(Collected material begins)
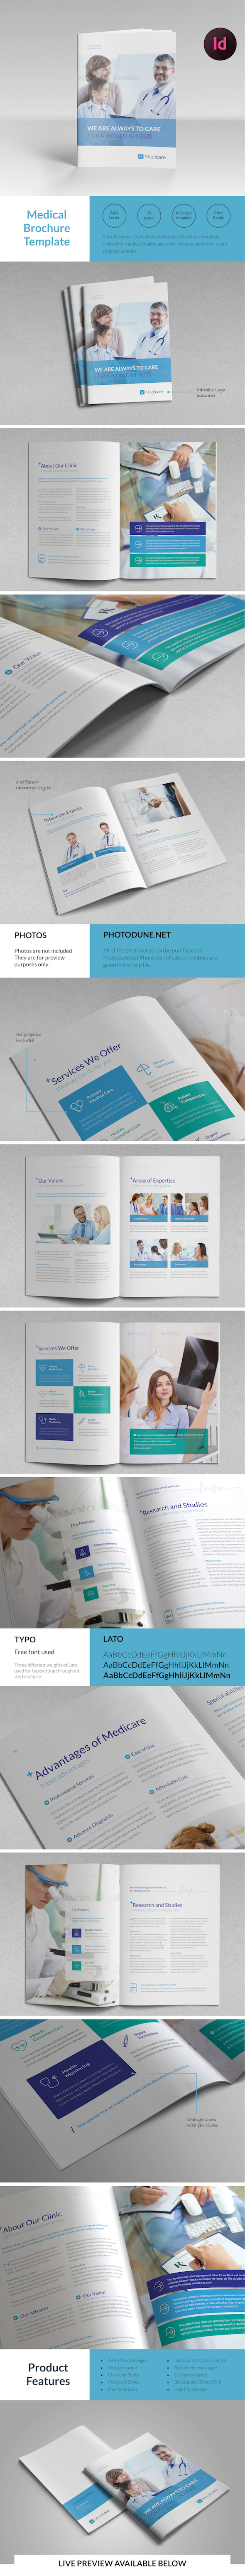 medical clinic Clinical hospital healthcare service brochure medicine clean sleek minimal modern template InDesign Layout
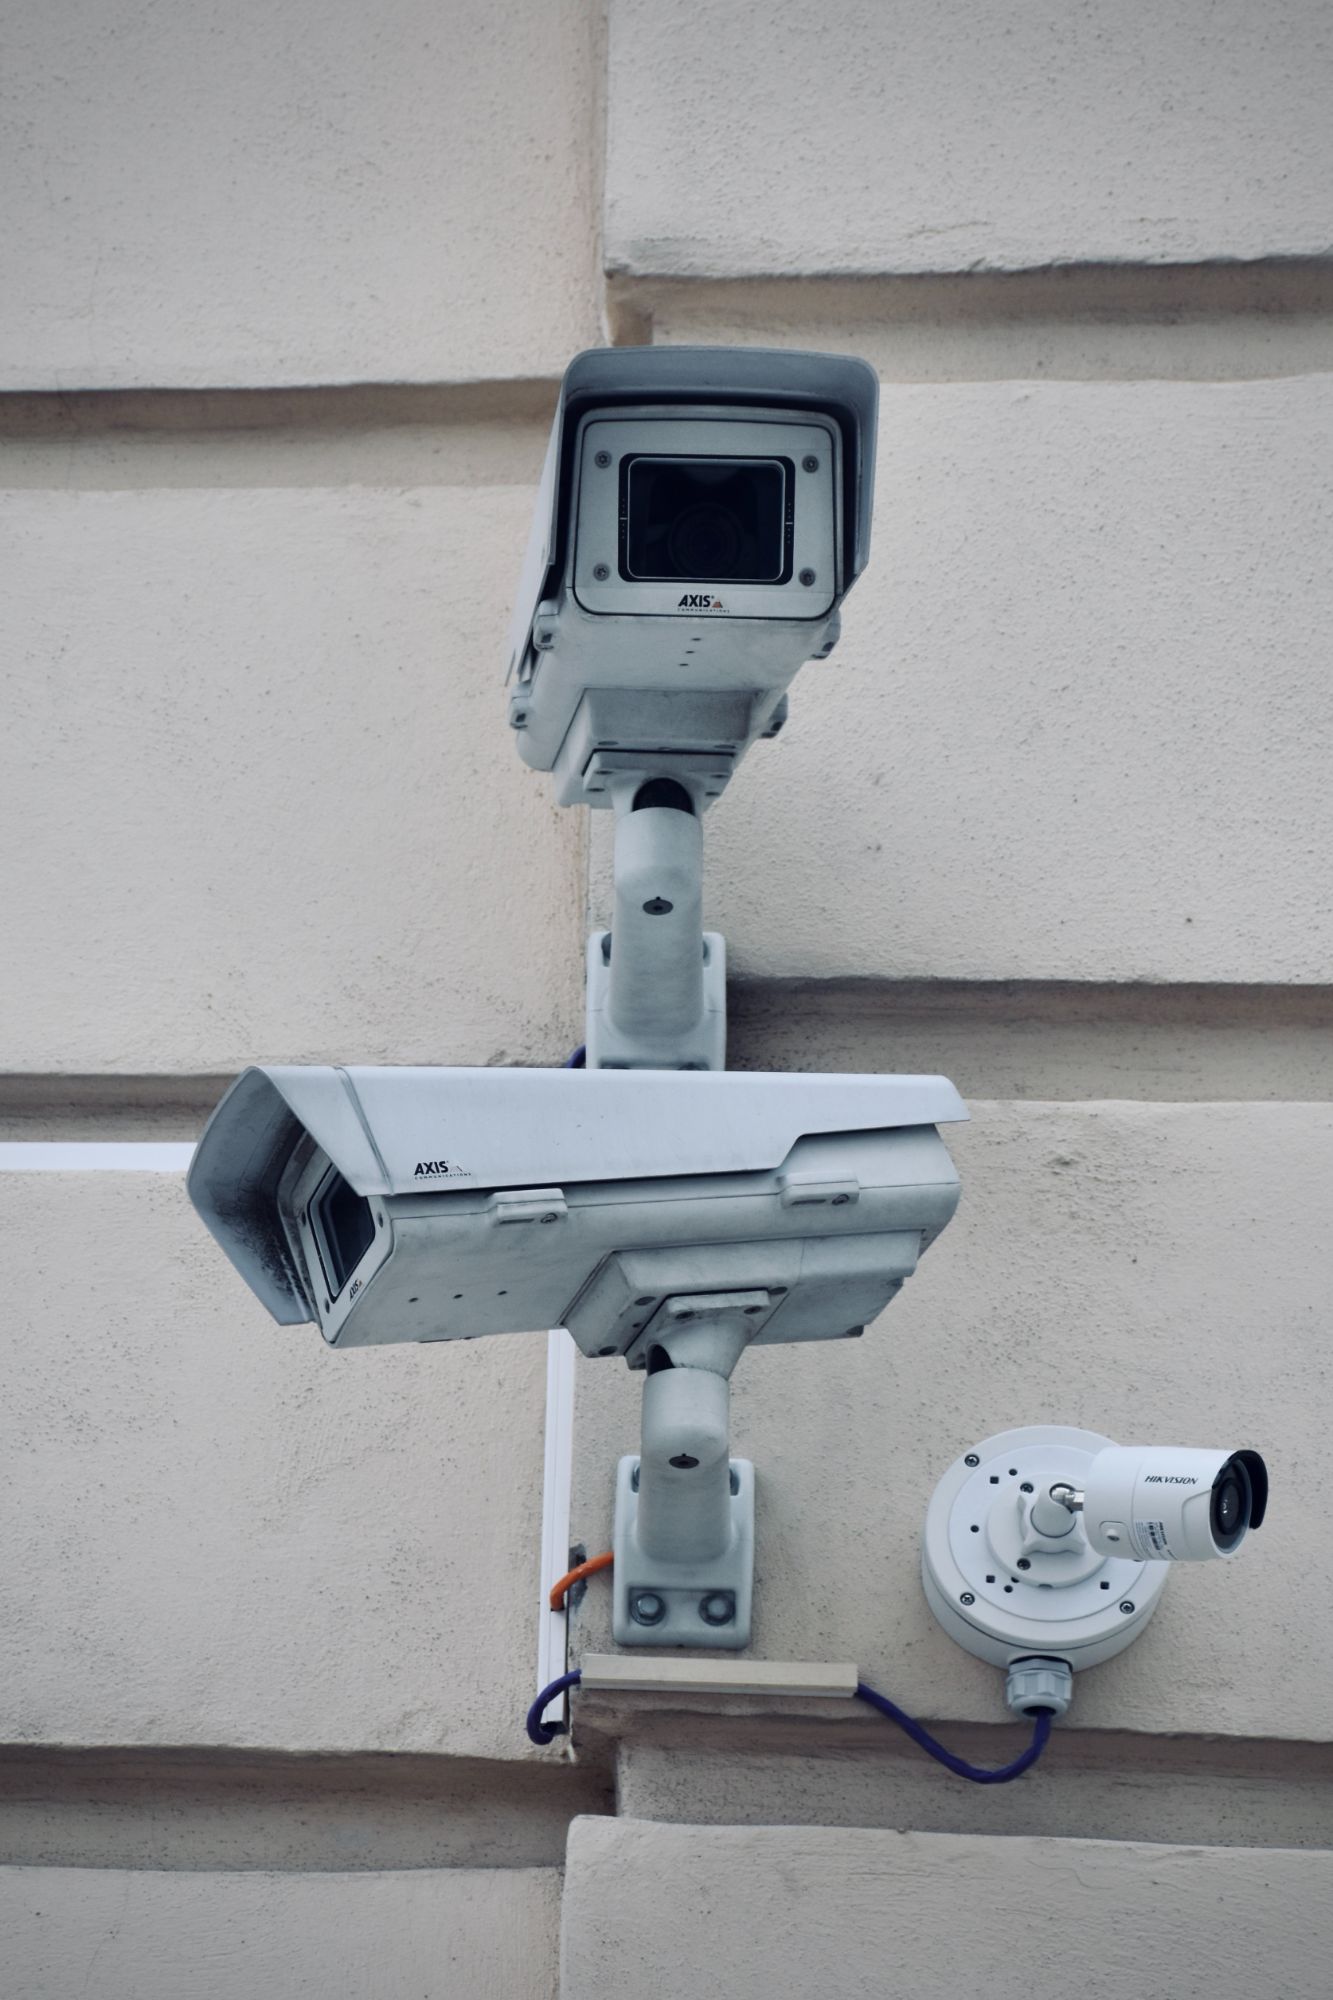 CCTV security providing intelligence.
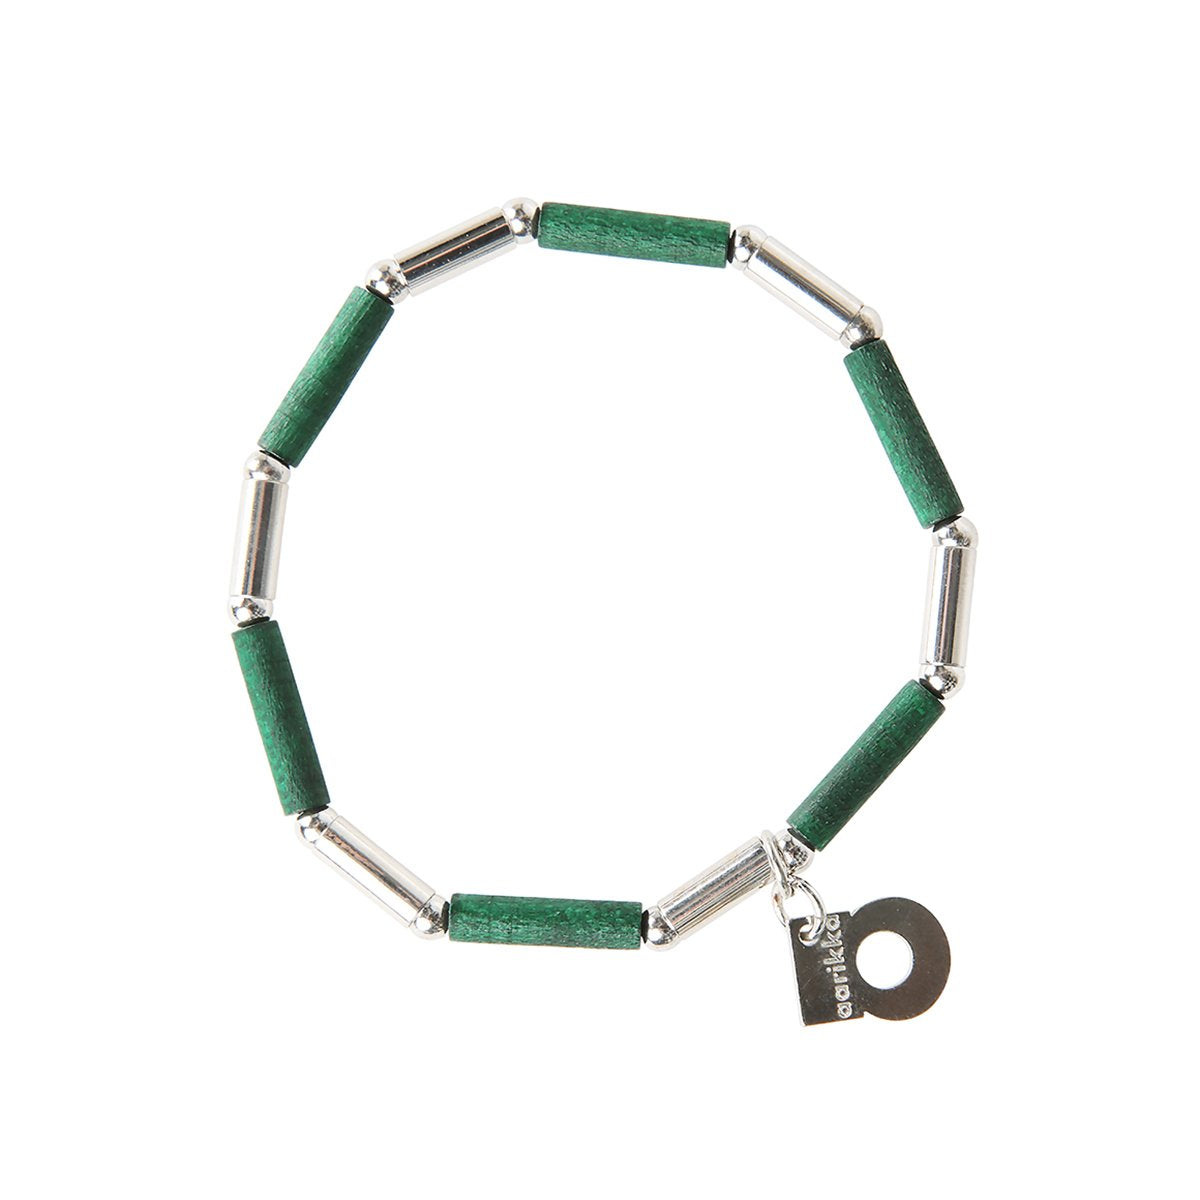 Vieno bracelet, green
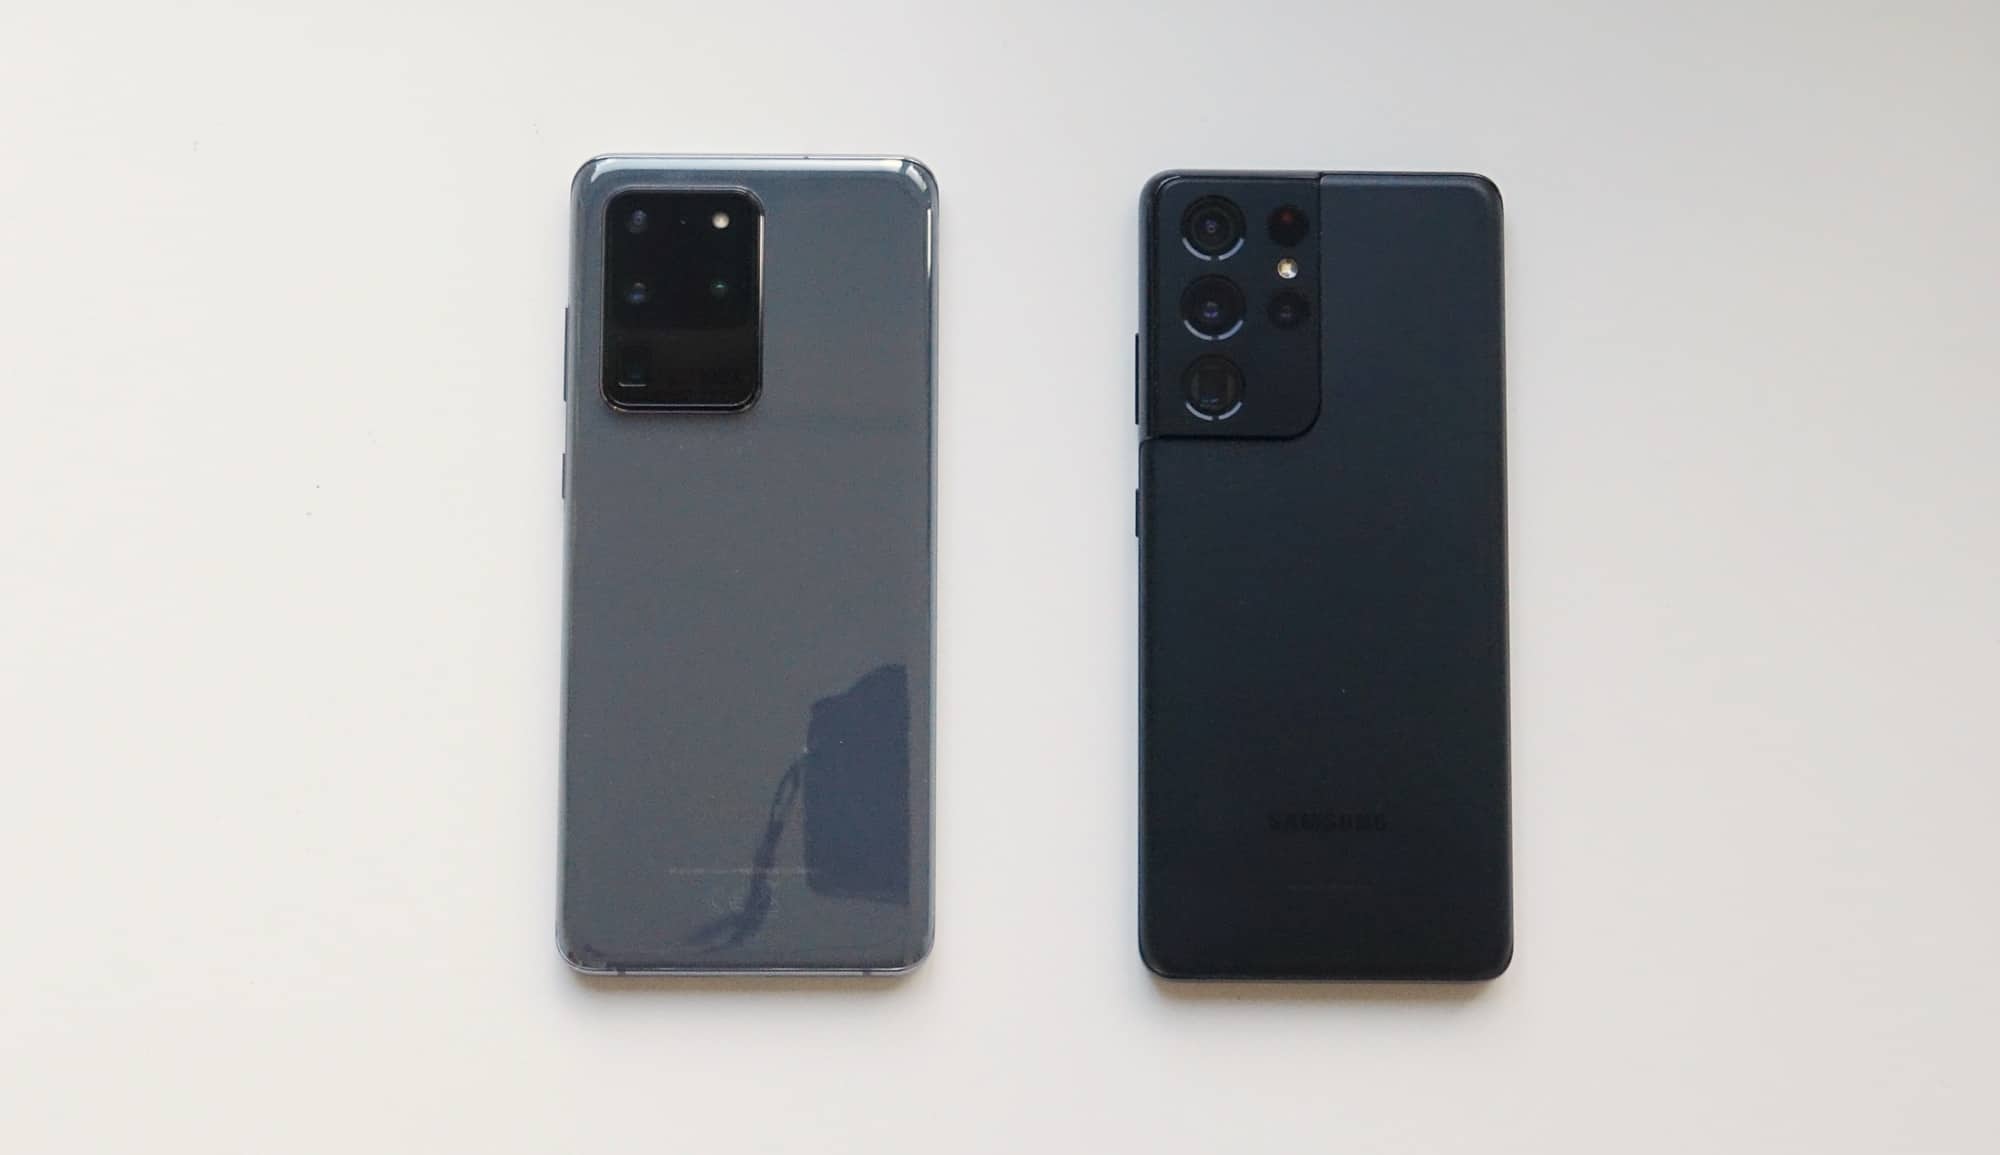 Samsung Galaxy S20 Ultra 5G (left) vs Samsung Galaxy S21 Ultra 5G (right)
(Collected material ends)
= What is being asked =
Make an exact copy of the listing above, omitting the pictures.

= Answer space =
 medical clinic Clinical hospital healthcare service brochure medicine clean sleek minimal modern template InDesign Layout
 CCTV security providing intelligence.
 Vieno bracelet, green
 Samsung Galaxy S20 Ultra 5G (left) vs Samsung Galaxy S21 Ultra 5G (right)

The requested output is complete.